(Beginning of Source data)

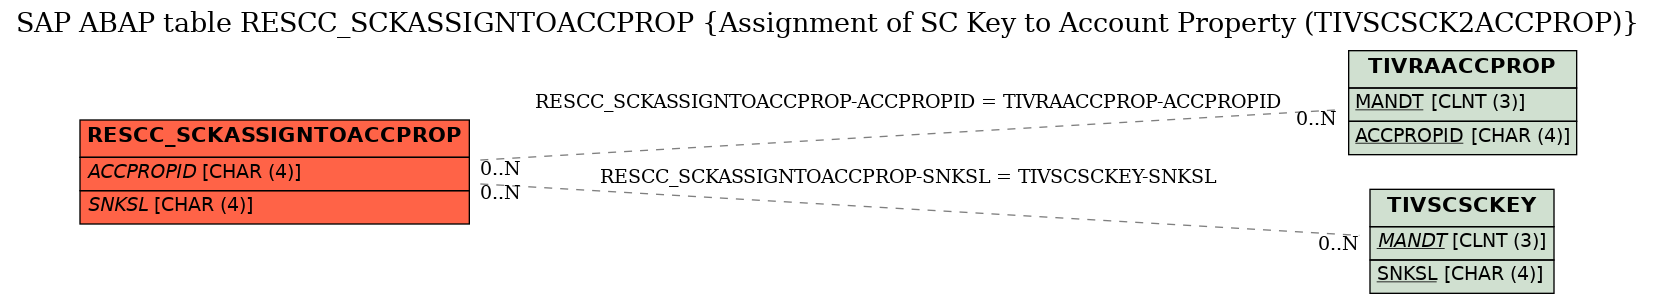 E-R Diagram for table RESCC_SCKASSIGNTOACCPROP (Assignment of SC Key to Account Property (TIVSCSCK2ACCPROP))
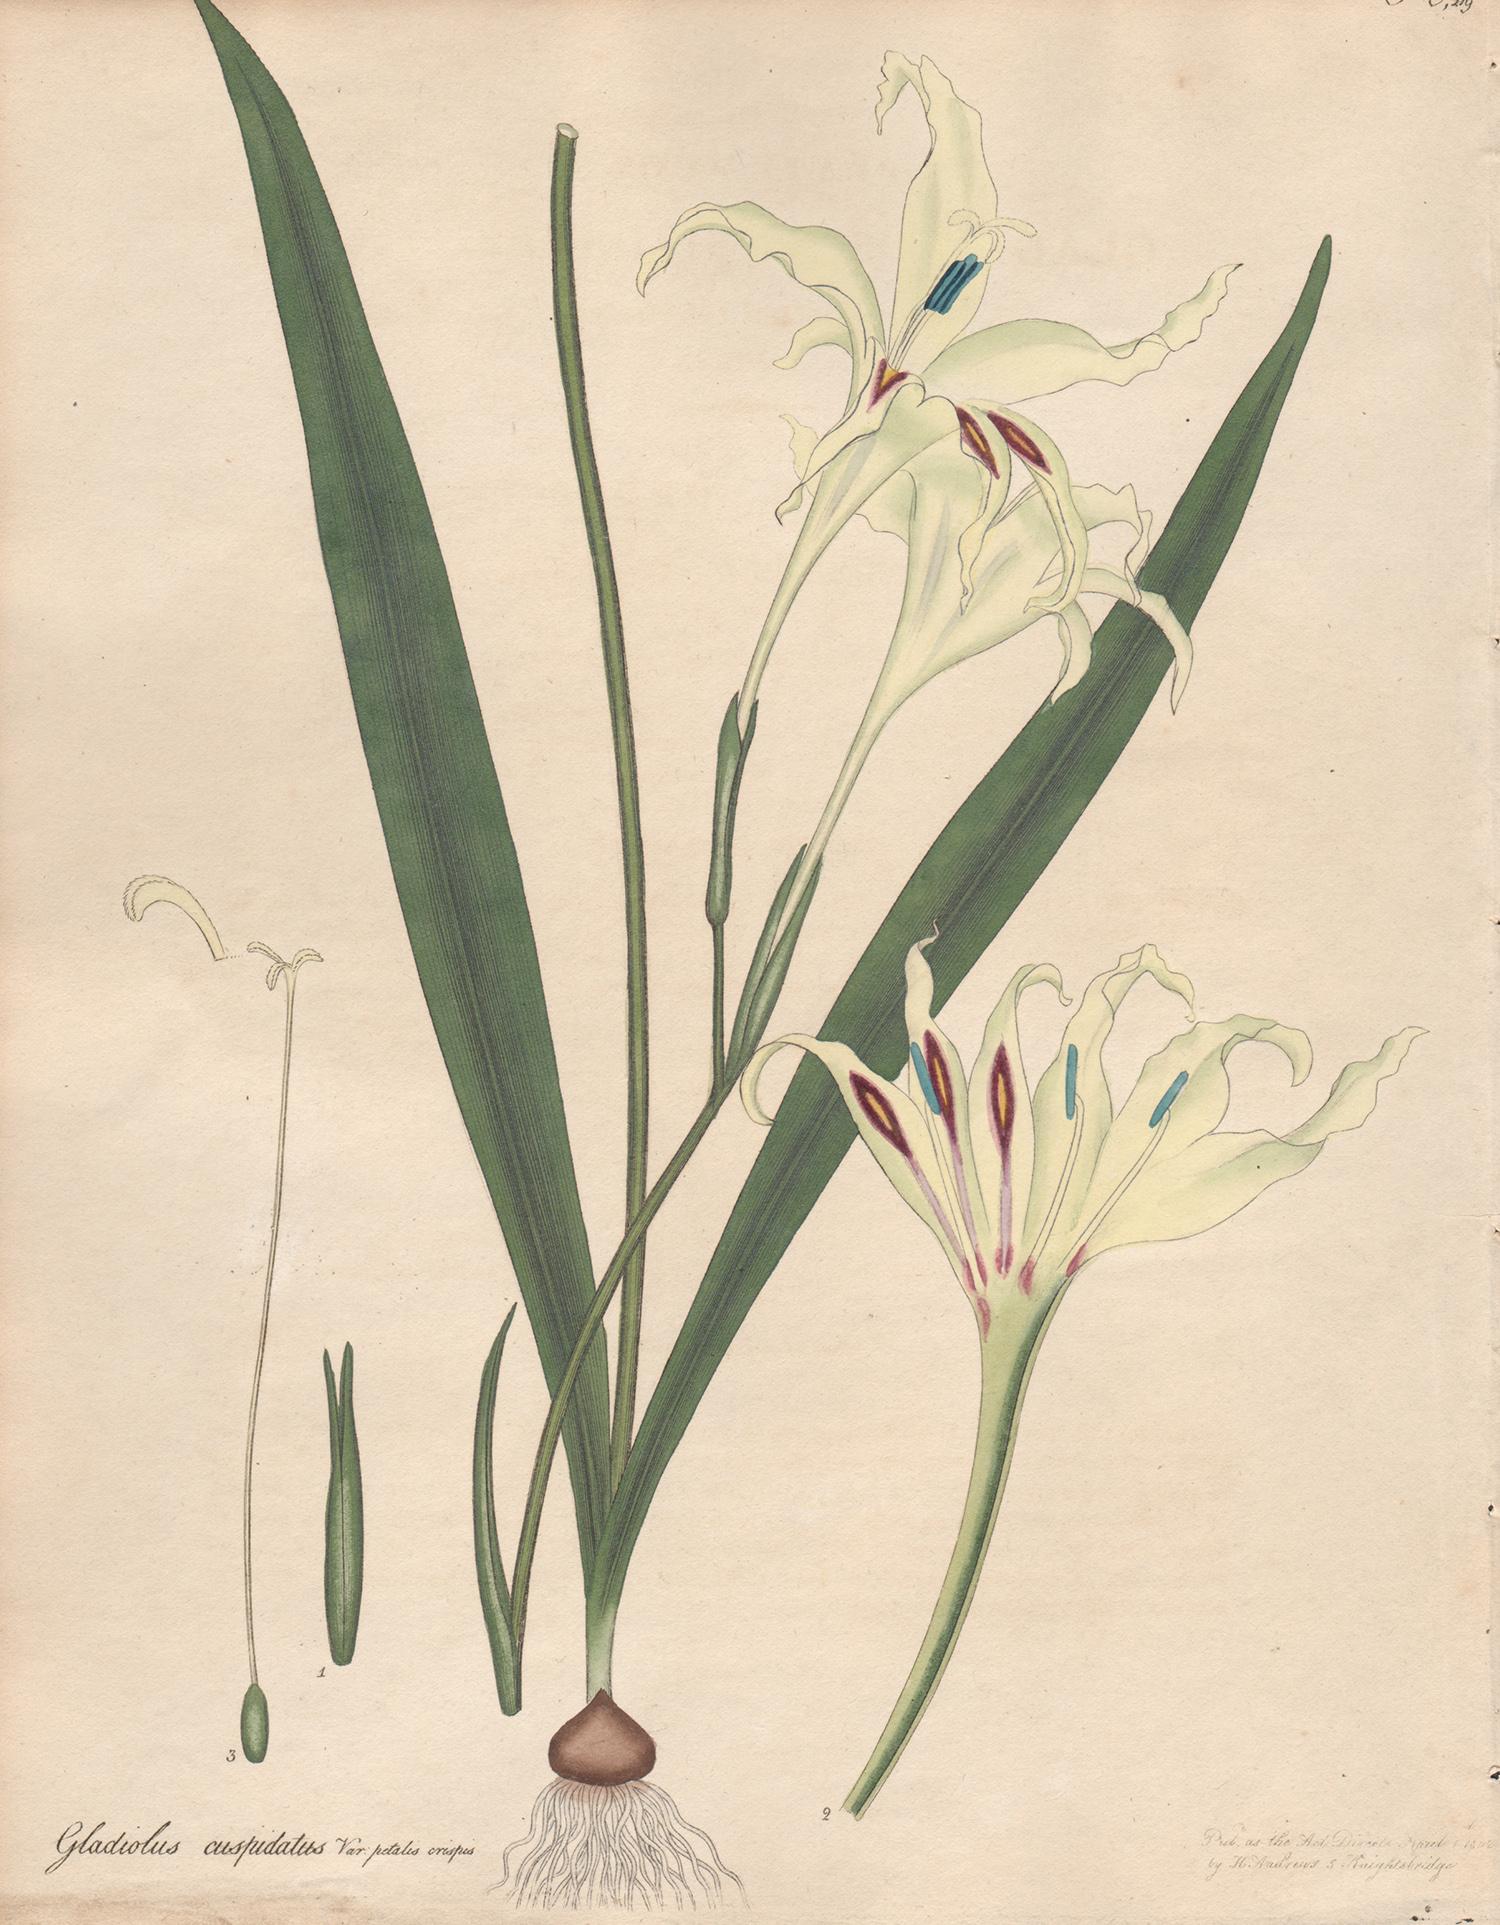 Henry C Andrews Still-Life Print - Gladiolus Cuspidatus - English Henry Andrews botanical flower engraving, c1800
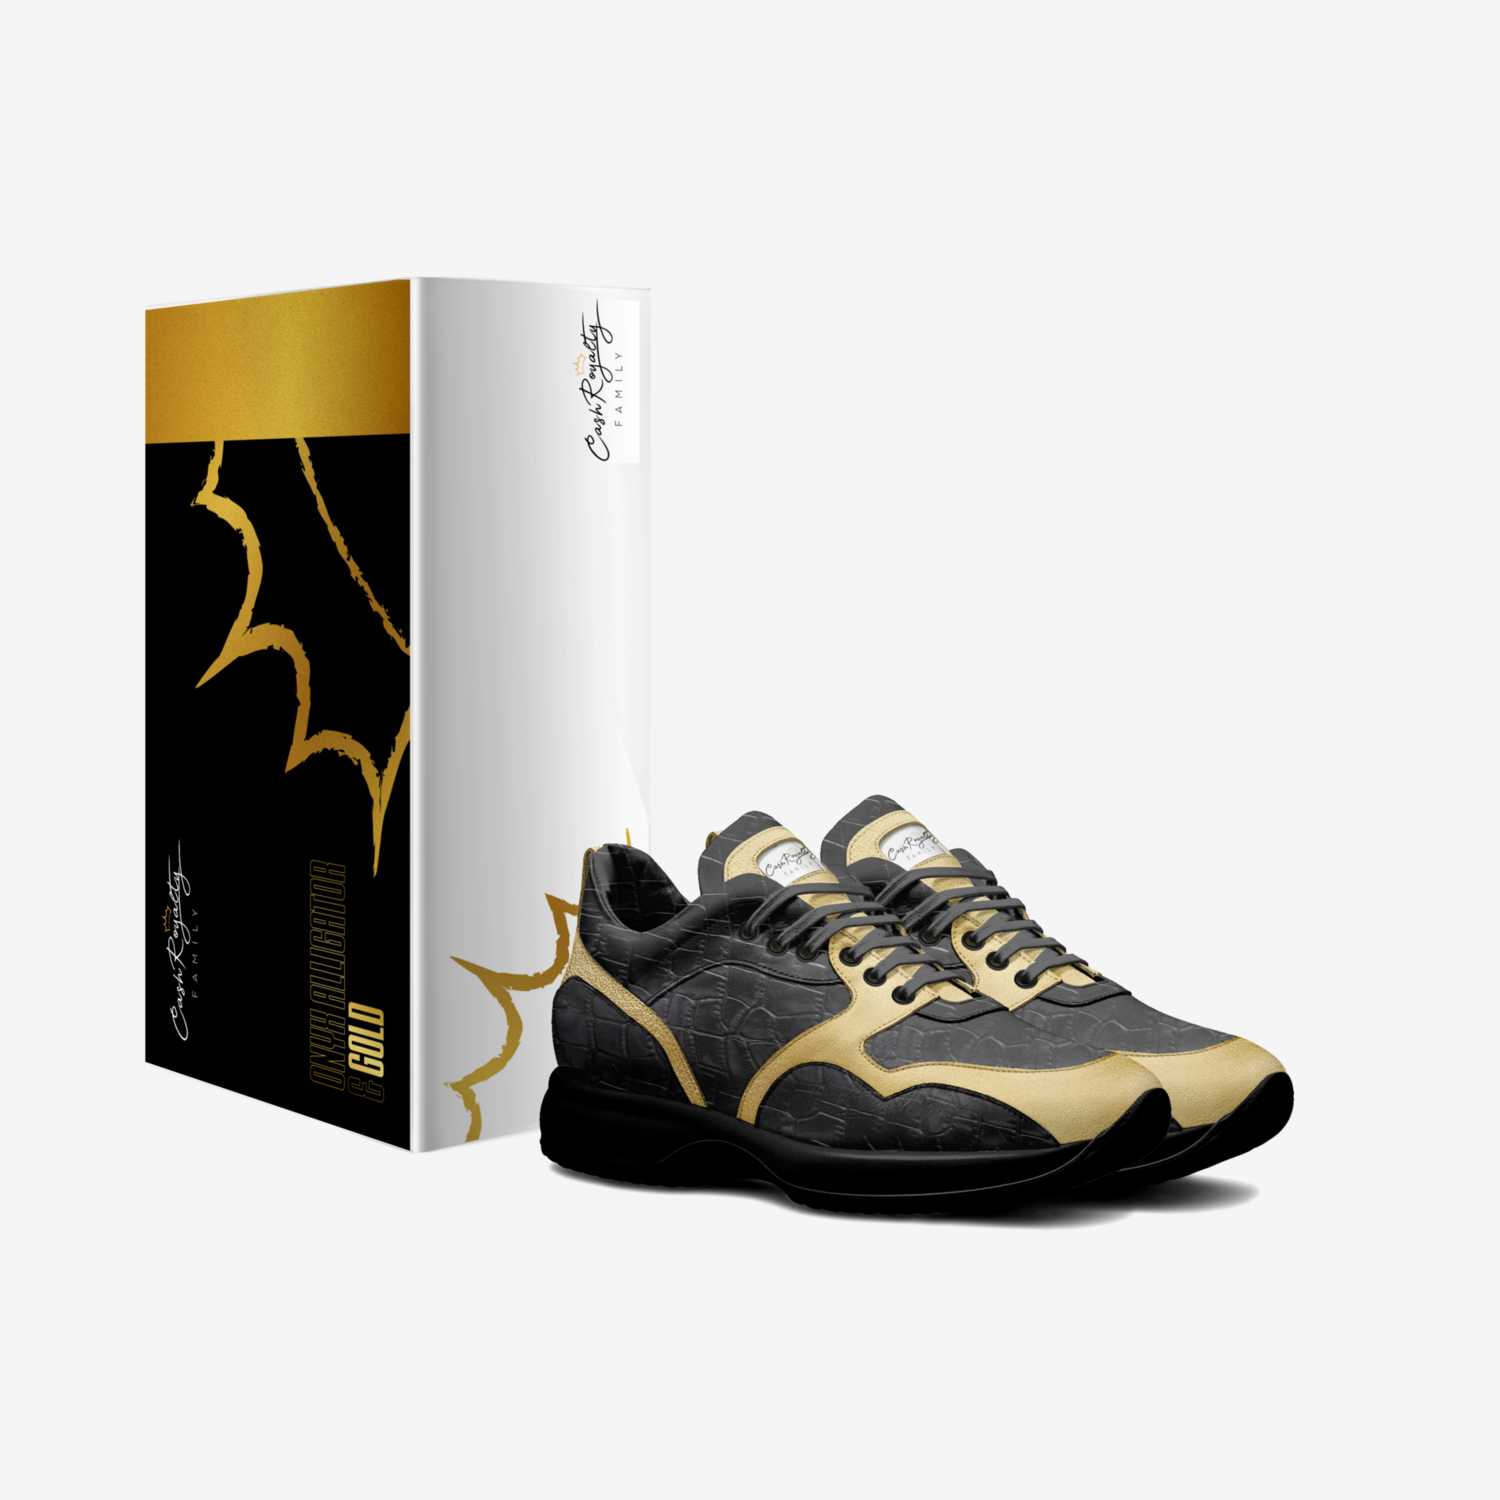 CashRoyaltyFamily custom made in Italy shoes by Kedar Nemley | Box view

(End of Source data)

■ Task goal:
Copy the listing above exactly, minus the pictures.

■ Response box:
 E-R Diagram for table RESCC_SCKASSIGNTOACCPROP (Assignment of SC Key to Account Property (TIVSCSCK2ACCPROP))
 Henry C Andrews Still-Life Print - Gladiolus Cuspidatus - English Henry Andrews botanical flower engraving, c1800
 CashRoyaltyFamily custom made in Italy shoes by Kedar Nemley | Box view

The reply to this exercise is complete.